The doctor said I was three months pregnant, and if I’d waited one more week, it would’ve been illegal to perform the abortion. Hearing that made me feel dizzy and sick. The nurse told me to lie down on the table and put my legs in the stirrups. She gave me a Valium.

My heart felt numb as I noticed goosebumps on my arms. I tried to block out the image of the baby’s face.

Leroy and I were in love the night we made the baby. A condom ripped. Leroy was panicking, I said, “Don’t worry, I can’t get pregnant from that tiny tear.” Now, there I was on a freezing cold table with my legs spread wide apart, feet in metal stirrups. The doctor said, “Don’t worry, this won’t hurt.”

Won’t hurt?

It still hurts.

The other side of “the right to life”

My Body My Choice
With anti-choice politicians controlling the House and Senate, more than half the state legislative chambers and governorships in 2015, more abortion restrictions are expected than ever before.

But even as the vacuum sucked out my insides, and I imagined my baby screaming, I knew I was doing the right thing. What if I hadn’t had that choice? If I’d had the baby, I would never have been able to give her up. My life and her life would’ve been ruined. I would’ve had to drop out of school to care for her when I was only a child myself. As much as I hated taking this step, I felt then — and still feel — that it was the right choice for me. How dare pro-lifers try to make decisions about the lives of women?

For weeks, I have seen cruel distortions of the Twitter hashtag #BlackLivesMatter. While protesters created it to promote civil rights, pro-lifers are using it to make disgusting comments like, “Black Lives Matter, So It’s Time to Outlaw Abortion.”

I was sickened by a report issued by The Associated Press on Dec. 14 that said, “Wisconsin anti-abortion groups are gearing up for another legislative session, with plans to push for a new ban on abortions after 20 weeks of pregnancy and to revive a host of initiatives that went nowhere last time around.”
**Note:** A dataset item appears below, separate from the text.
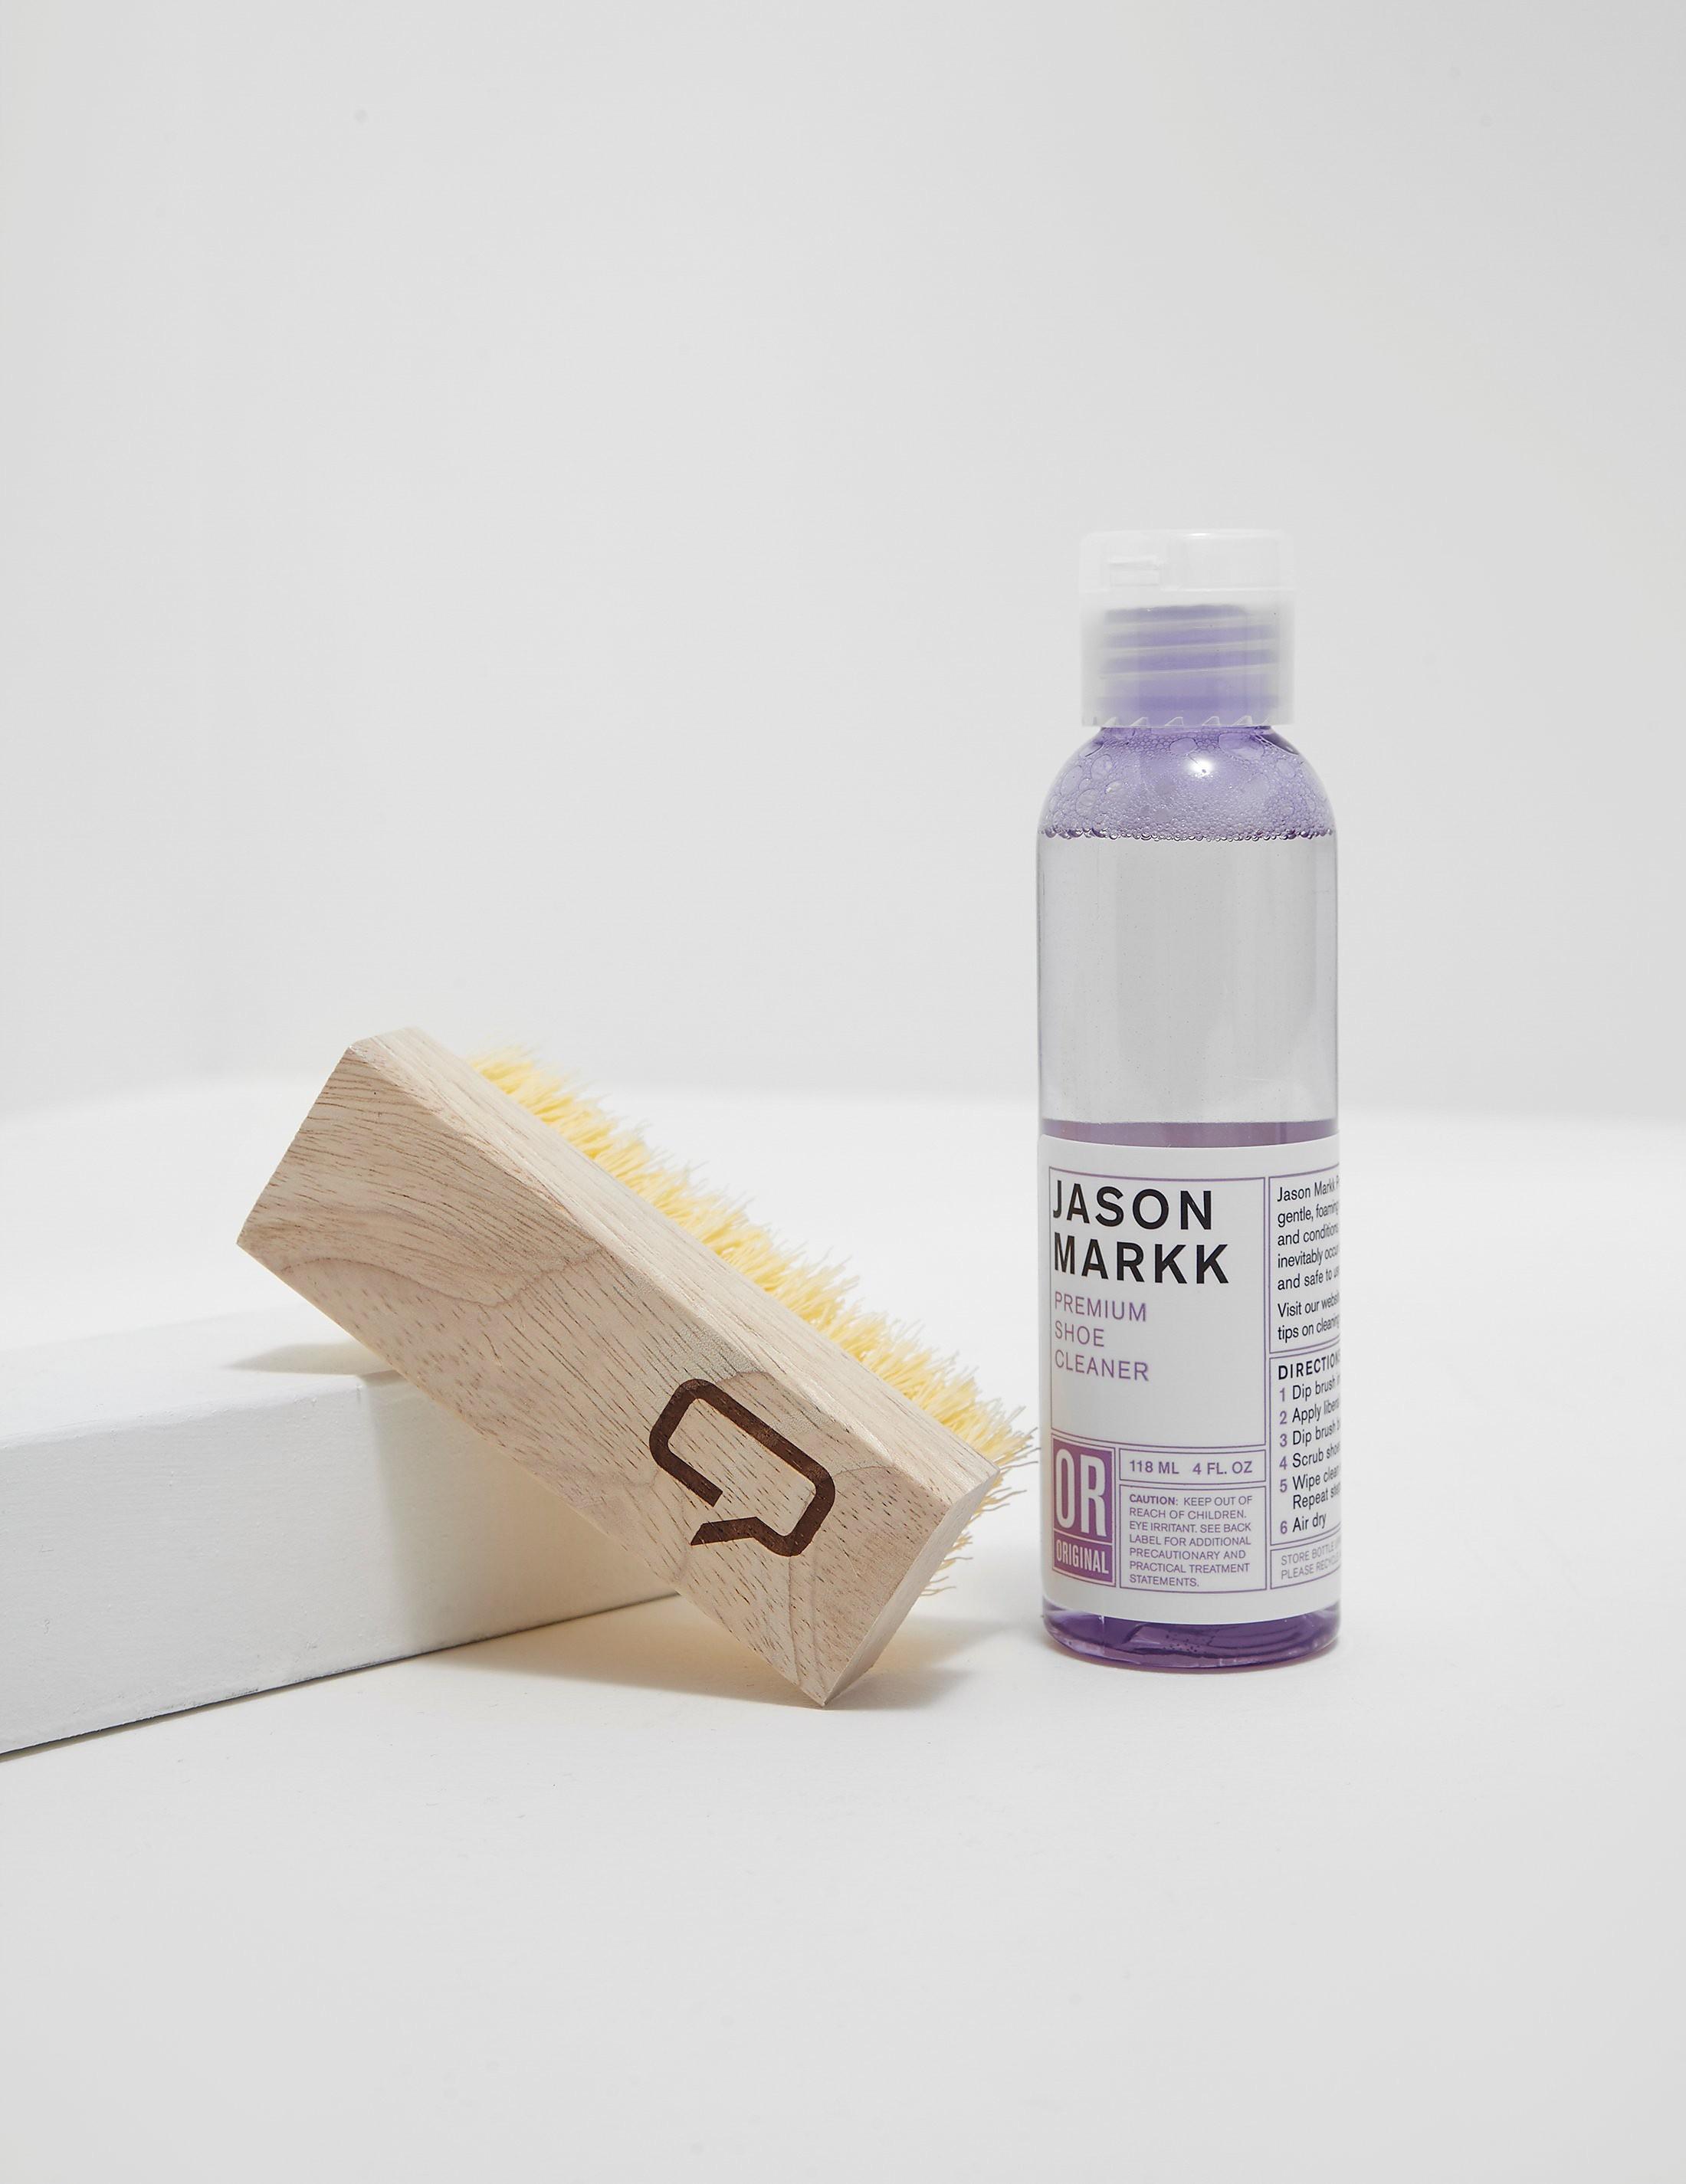 Jason Markk 4OZ Premium Shoe Cleaning Kit

The article goes on to say, “One of the most contentious issues could be Wisconsin Right to Life’s plan to push for a so-called fetal pain ban, which would bar abortions after the 20th week of pregnancy based on the disputed notion that a fetus could feel pain after that.”
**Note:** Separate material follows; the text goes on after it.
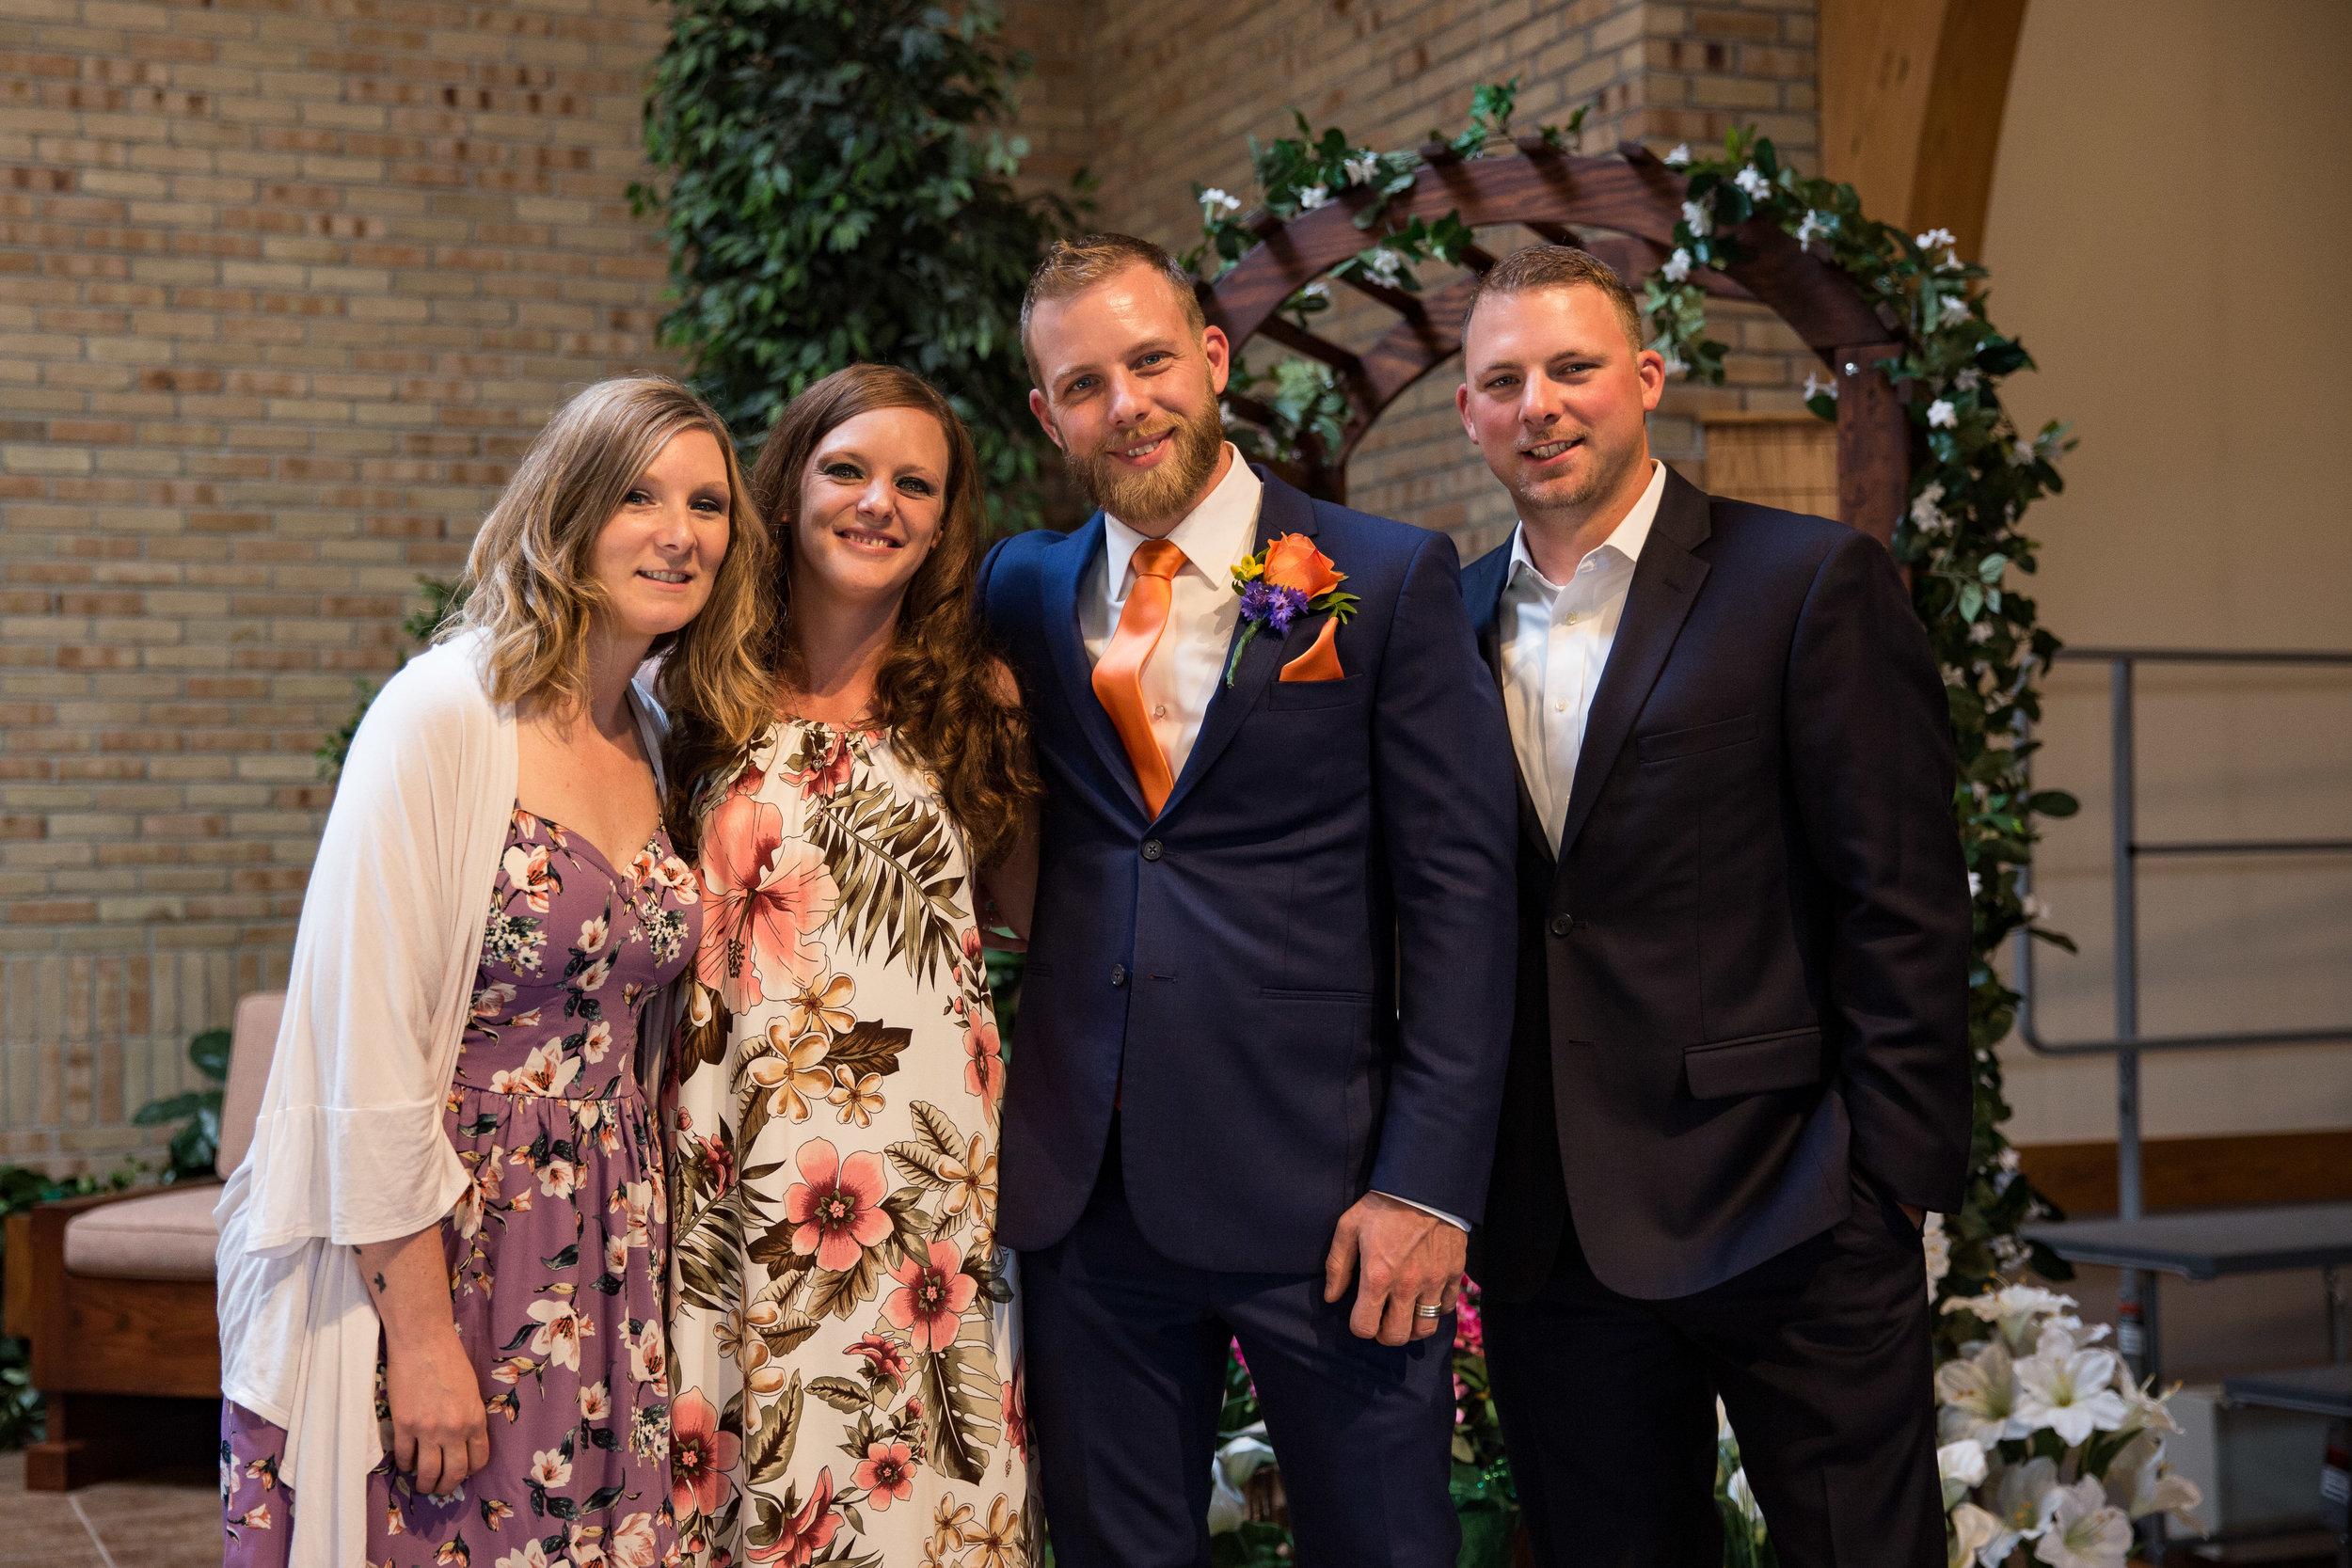 Natalie and Dallas Mooney Wedding 6-8-19_Tania Watt Photography-187.jpg

But, the American Congress of Obstetricians and Gynecologists who weighed the evidence, said that a fetus cannot feel pain until the third trimester, which begins at 27 weeks.

Earlier this month, I was horrified by an article on ThinkProgress.org titled, “Inside the Highly Sophisticated Group That’s Quietly Making It Much Harder to Get An Abortion.” The article explains that the Senate Bill 1848, which was signed into law, regulates standards for abortion centers and requires abortion providers to obtain nearby hospital admitting privileges. What that means is that anybody who lives far from the hospital and does not have access to transportation will be prevented from having a legal abortion — who knows what desperate measures those women may take.

ThinkProgress’s article points out that any pro-choice advocate who looks carefully at the rash of anti-abortion bills will see that the text is disturbingly similar. Pro-lifers are putting together text that is almost identical to “The Abortion Providers’ Privileging Act,” which was introduced by Americans United for Life (AUL), a Washington-based anti-abortion organization.

Hayley Smith, associate advocacy and policy counsel at the American Civil Liberties Union (ACLU) who tracks anti-abortion state policy said, “If you look at it, word for word, there are small differences but it is nearly the same. You can put them side-by-side, and even where they put the parenthesis is nearly exact. So it’s clear that there was copy and paste into bill form and insert Oklahoma, and it’s coming from someplace outside of Oklahoma, because the language is so similar.” Smith elaborated: “When you see a bill introduced in one state, and then you see a bill introduced across the country, and the language looks nearly exactly the same, you realize: Oh, this is all coming from the same base [AUL] and the intent is the same underlying each.”

Donna Crane, the policy director at NARAL Pro-Choice America said, “If you think these ideas to restrict abortion are spontaneously coming to the hearts and mind of legislators across the country, think again. It’s all part of a very coordinated effort state-by-state to deny women their rights.”

In 2015, anti-choice politicians will control the U.S. House and Senate, 58 out of 100 state legislative chambers and 28 governorships. Anti-choice forces will be in a position to pass more restrictions on abortion than ever before, according to NARAL.

It is so hard to believe that things are more backward now than they were in 1975, when I was a scared 14-year-old who knew that I was in no position to bring a baby into this world. I am so scared now for any females who will find themselves in this position in the future.

Anti-abortion proponents talk about how mothers can put their babies up for adoption and offer them a good life. What they don’t talk about is the difficulty in finding homes for mixed-race babies or babies in other circumstances and what it does to a child’s psyche when they grow up knowing their mother gave them away.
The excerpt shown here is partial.